The metric of commonly identified interactions

Besides DES, we also evaluated the similarity of results from those CCI tools by their commonly identified interactions. We extracted shared interactions that existed at least 3 times among 10 CCI tools’ results as the alternative positive set. The metrics of commonly identified interactions used in our study were precision, recall, and F1 score:

$$\textrm{Precision}=\frac{TP}{TP+ FP}$$

$${\displaystyle \begin{array}{c}\textrm{Recall}=\frac{TP}{TP+ FN}\end{array}}$$

(7)

$$F1\ \textrm{score}=\frac{2\times \textrm{Precision}\times \textrm{Recall}}{\textrm{Precision}+\textrm{Recall}}$$

where TP stands for the true positives, the number of overlapping interactions between commonly identified interactions and predicted interactions. FP stands for the false positive, the number of interactions that are absent in shared interactions but exist in predicted results. FN stands for the false negatives, the number of interactions that exist in shared interactions but are absent in predicted results.

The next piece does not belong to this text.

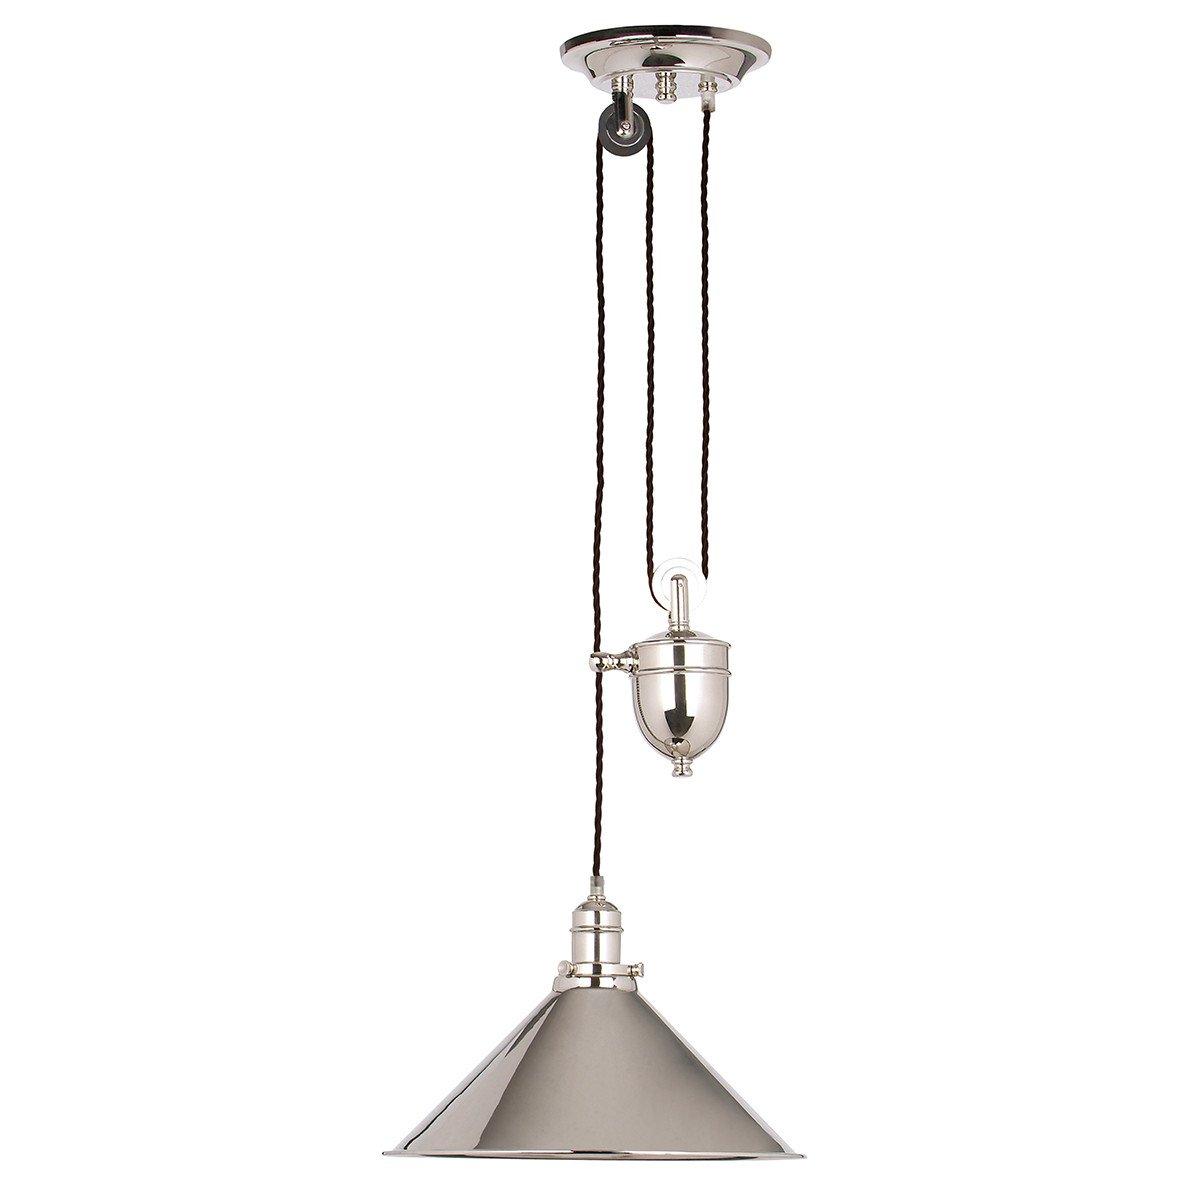 Elstead Lighting Provence Polished Nickel Rise and Fall Light

Simulating paired scRNA-seq and ST data with the known L-R pairs

We simulated 15 paired scRNA-seq and ST data with the known overexpressed L-R pairs to evaluate CCI tools’ performances. For each biological system, 5 datasets were simulated based on a sample selected from that system. In the TME system, sample PDAC_A of the human PDAC dataset was selected; in the nervous system, the only sample of mouse cortex was selected; in the developmental system, sample A4 of the human intestine dataset was selected. The simulation workflow is as follows (Fig. 3a):

Step 1: Simulation of scRNA-seq and ST data

In each simulation round, 4 cell types in ST data are selected and are assigned with the near/far cell type pair defined in the original ST data (Additional file 1: Fig. S3a, using sample A4 as an example). For each cell type, we randomly selected cells from the same cell type in the original scRNA-seq data, and the number of selected cells is based on the number of spots to ensure each spot has approximately 2~5 cells after mapping scRNA-seq cells to ST. Next, the randomly selected cells will be randomly mapped to each spot according to their cell types and replace the spot’s original expression. To keep the real spatial cell type structure in ST data, we did not change the original coordinates of selected spots.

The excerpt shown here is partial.